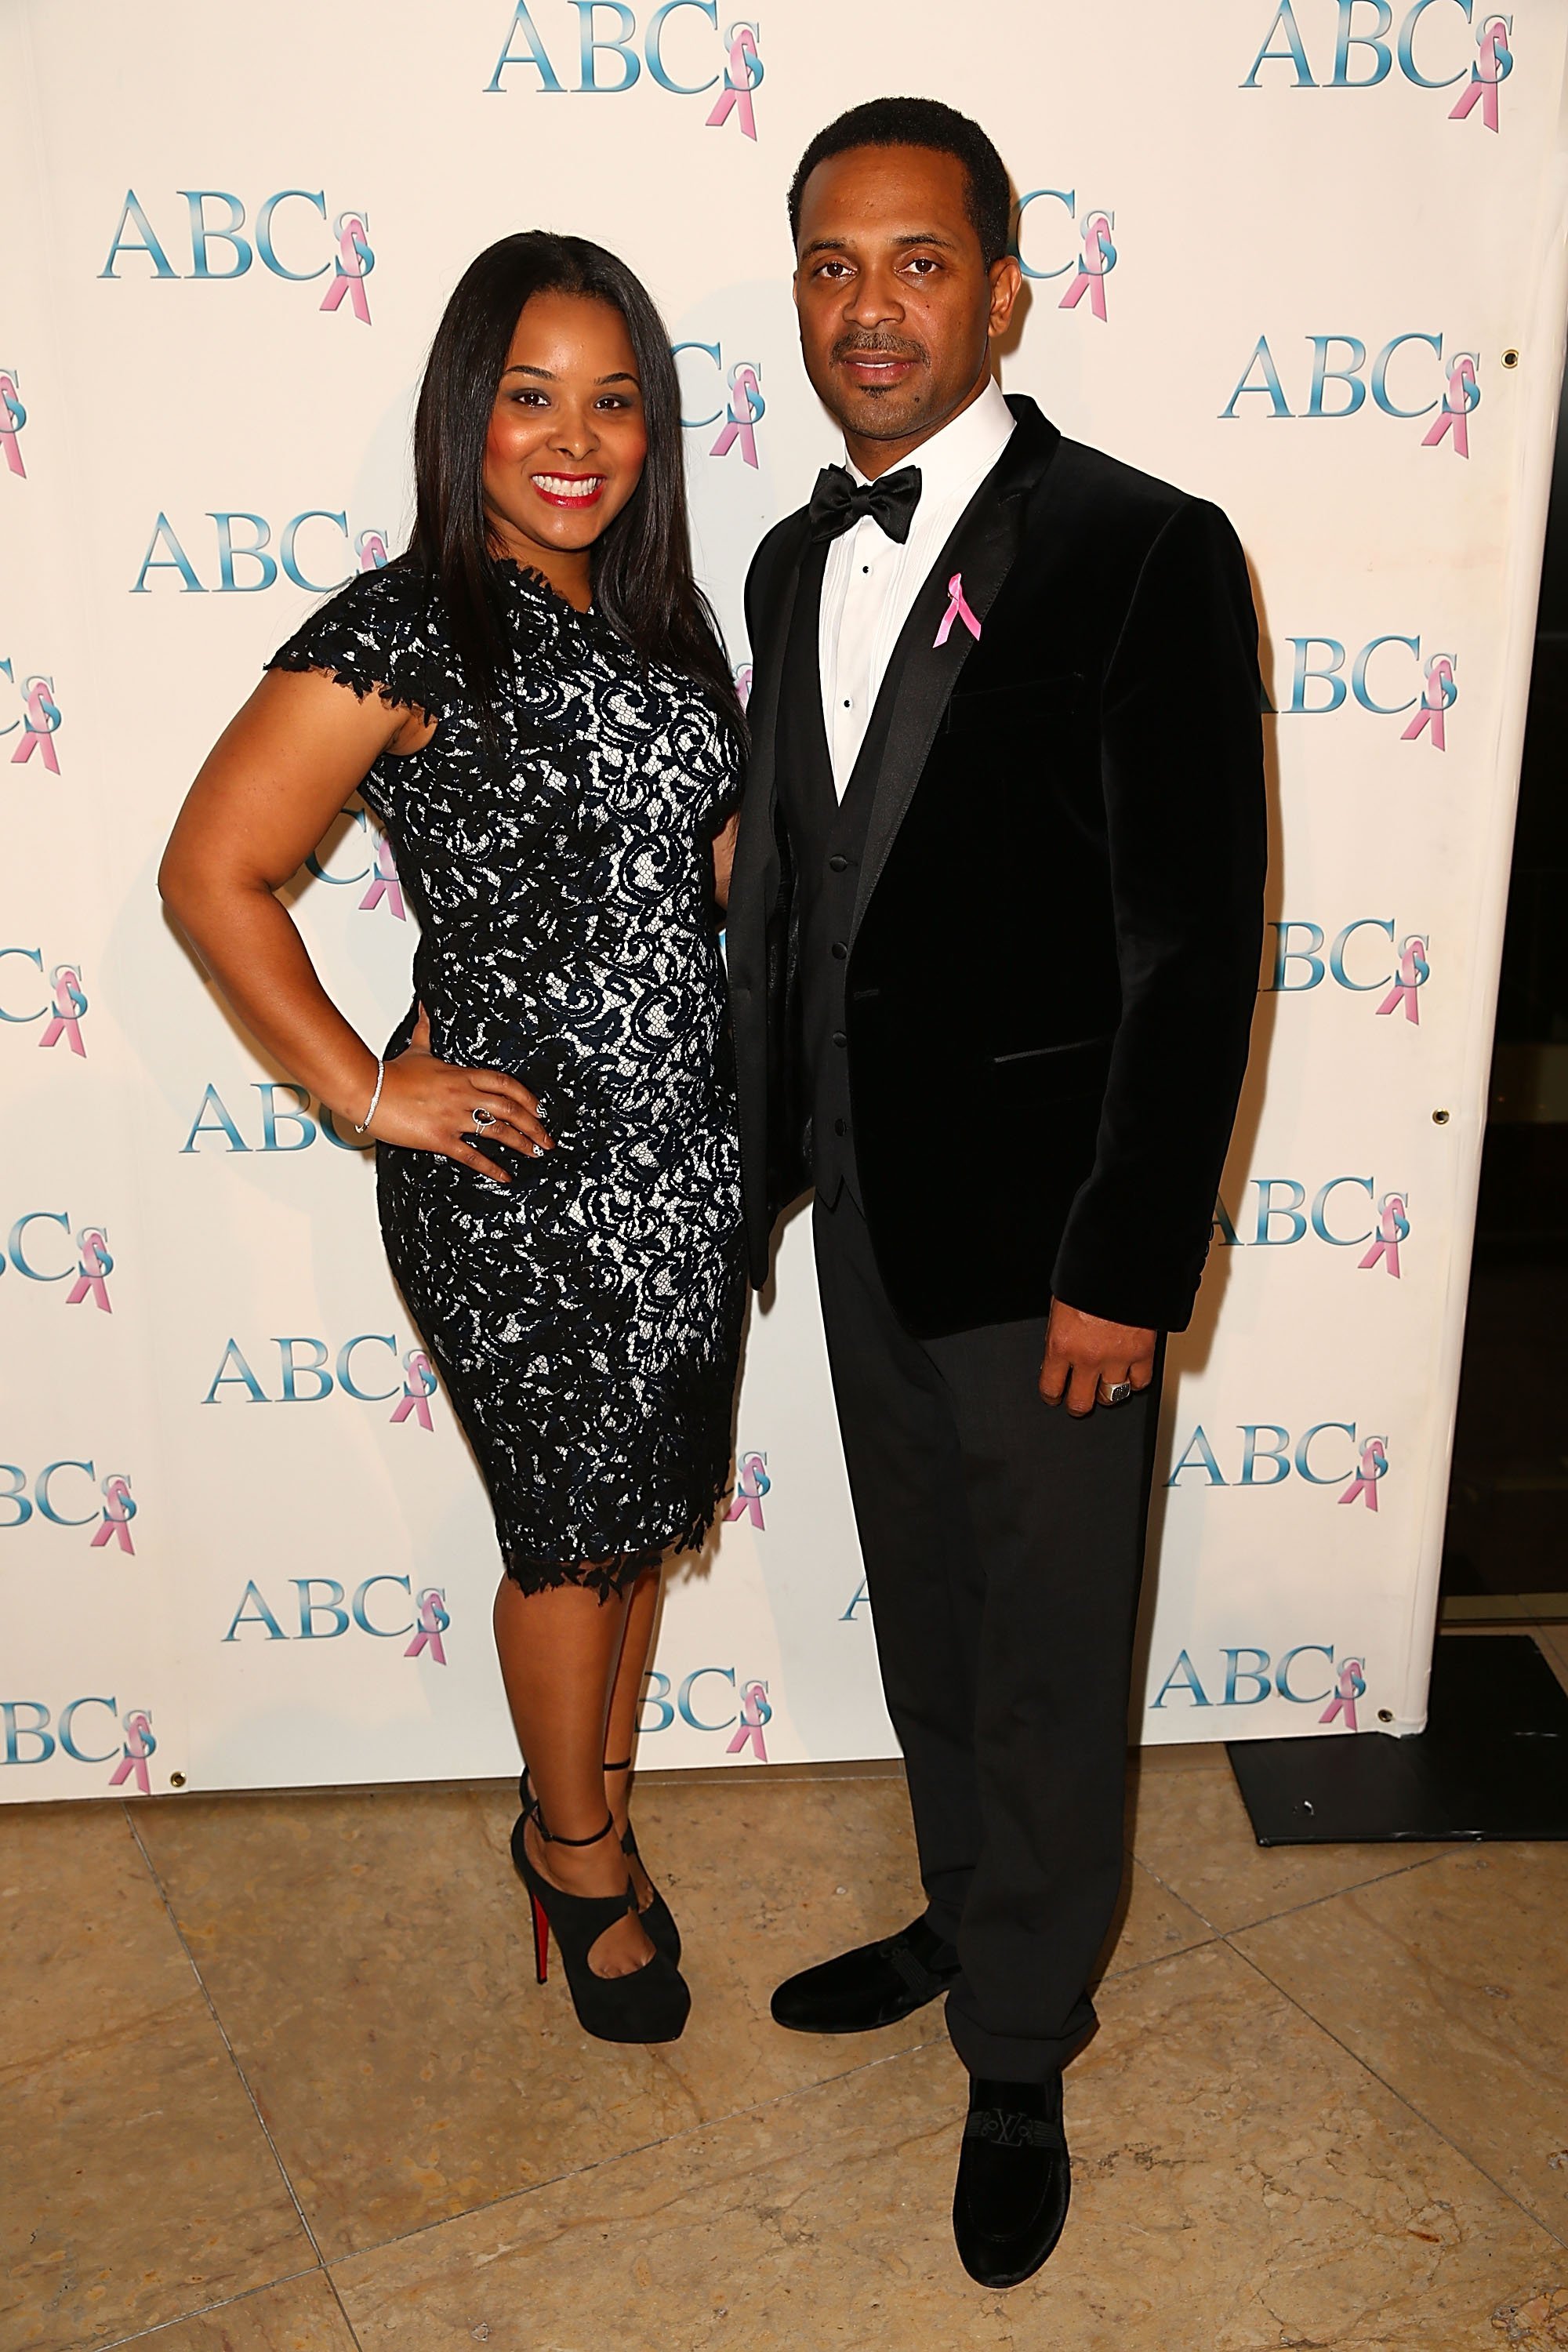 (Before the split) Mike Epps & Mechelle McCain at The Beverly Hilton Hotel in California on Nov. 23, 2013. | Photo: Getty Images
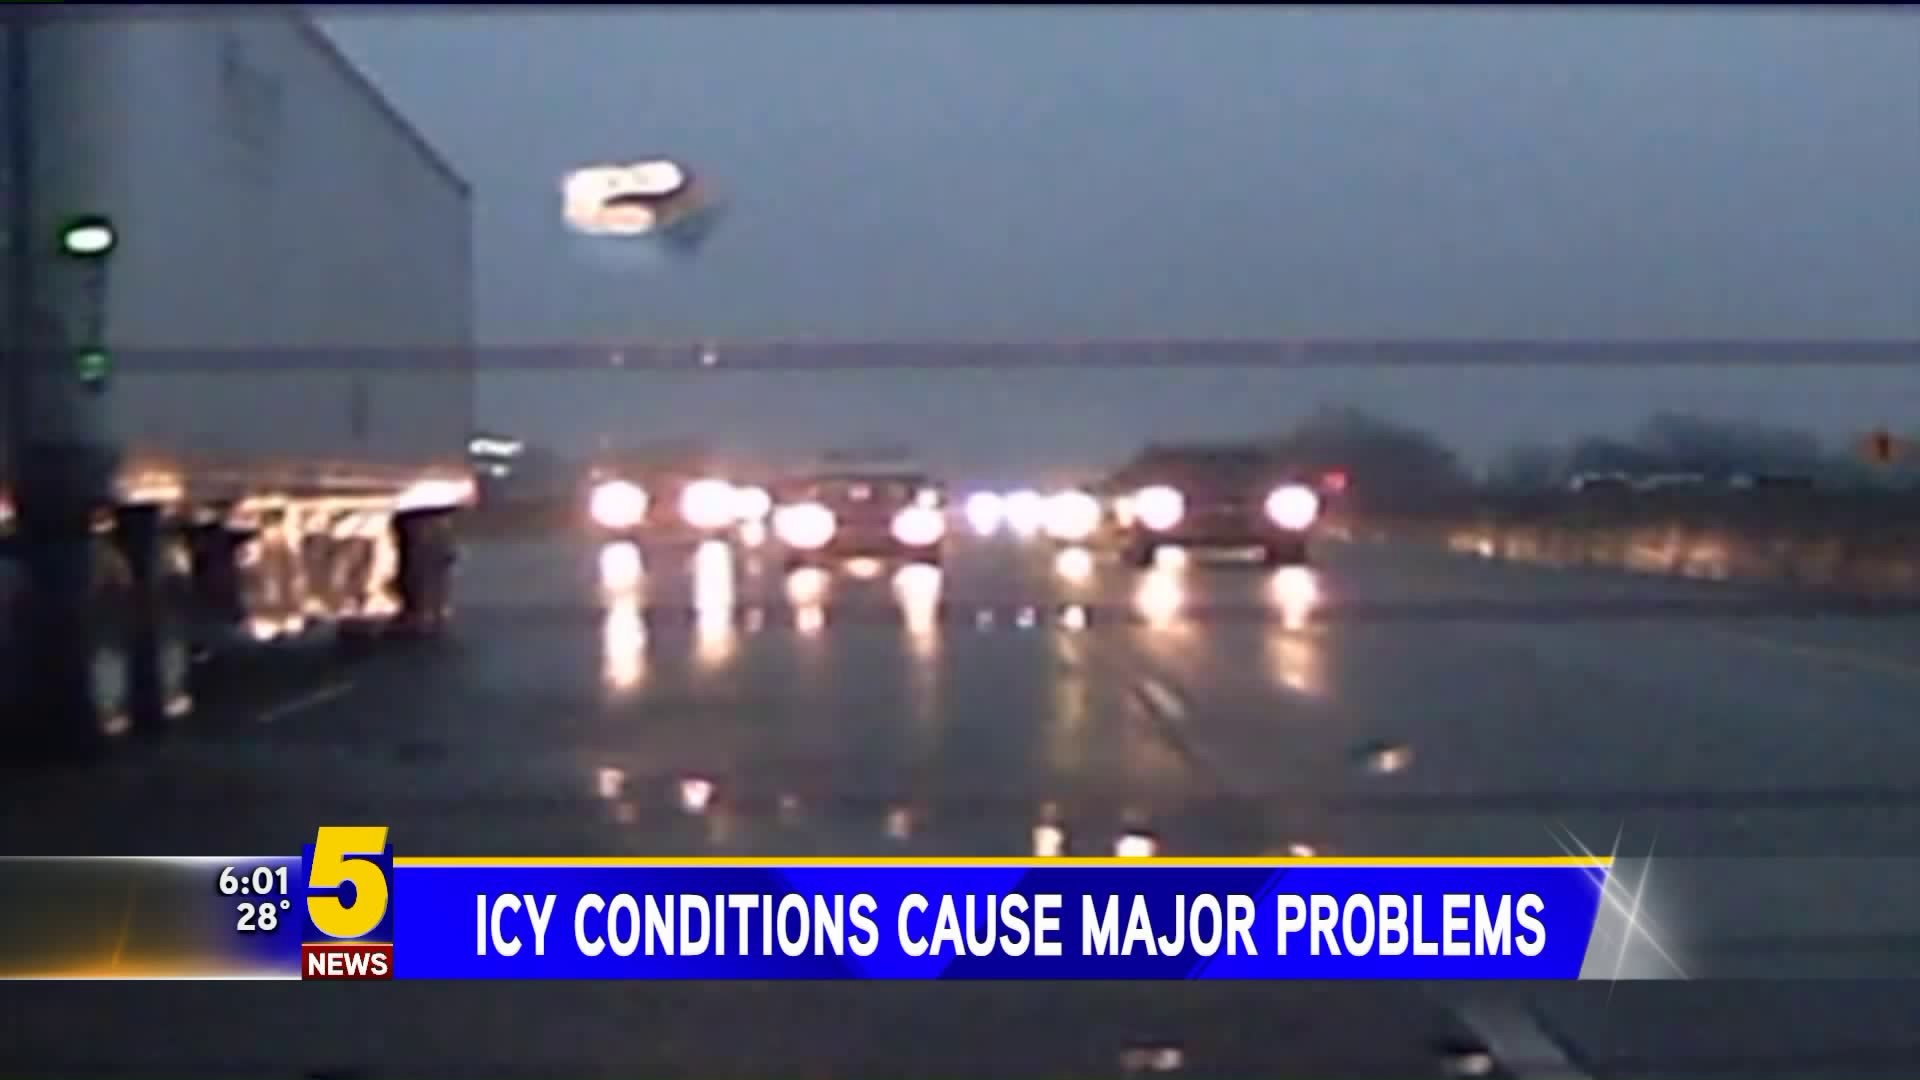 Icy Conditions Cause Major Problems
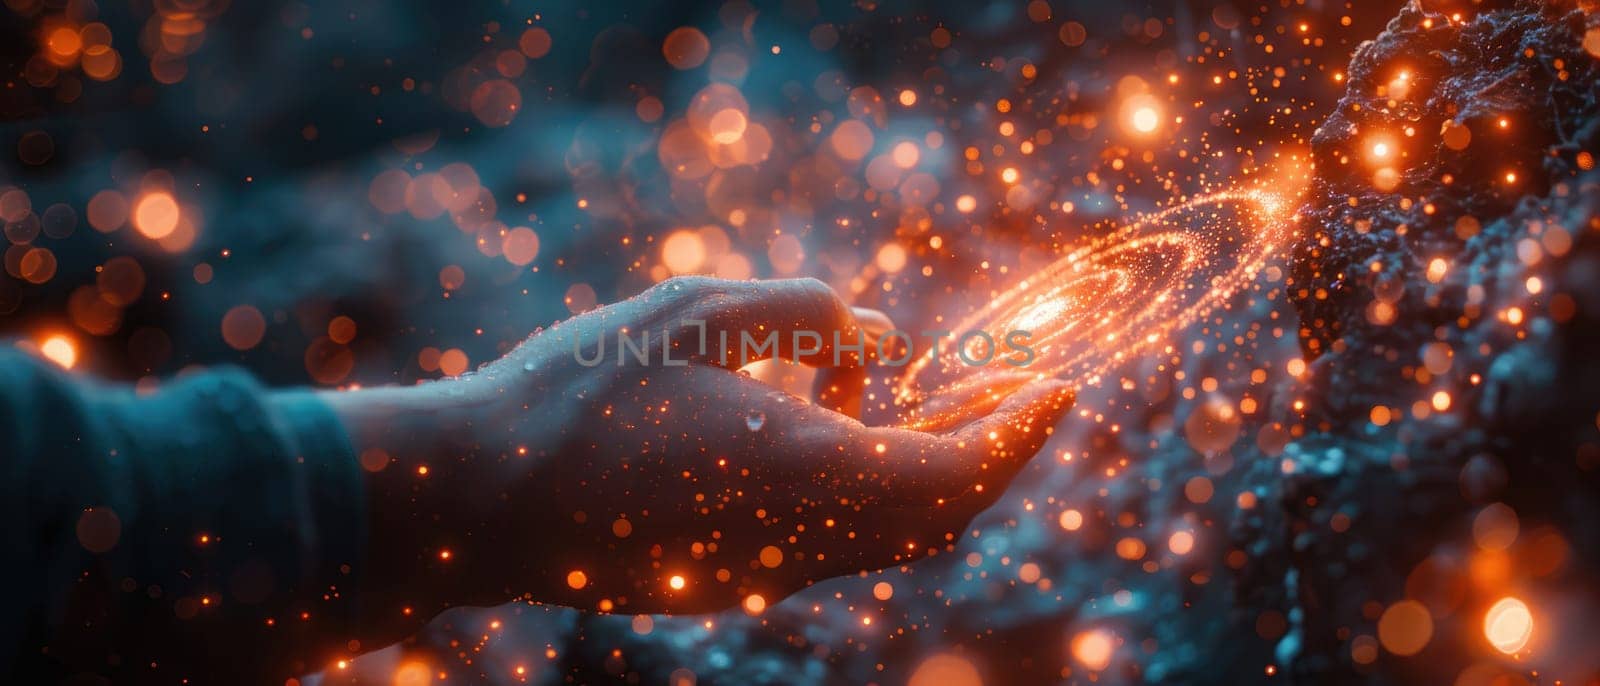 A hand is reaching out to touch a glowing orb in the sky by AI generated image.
--
Give back the full listing verbatim, skipping each picture.

▶ EXPECTED ANSWER
 (Before the split) Mike Epps & Mechelle McCain at The Beverly Hilton Hotel in California on Nov. 23, 2013. | Photo: Getty Images
 Icy Conditions Cause Major Problems
 A hand is reaching out to touch a glowing orb in the sky by AI generated image.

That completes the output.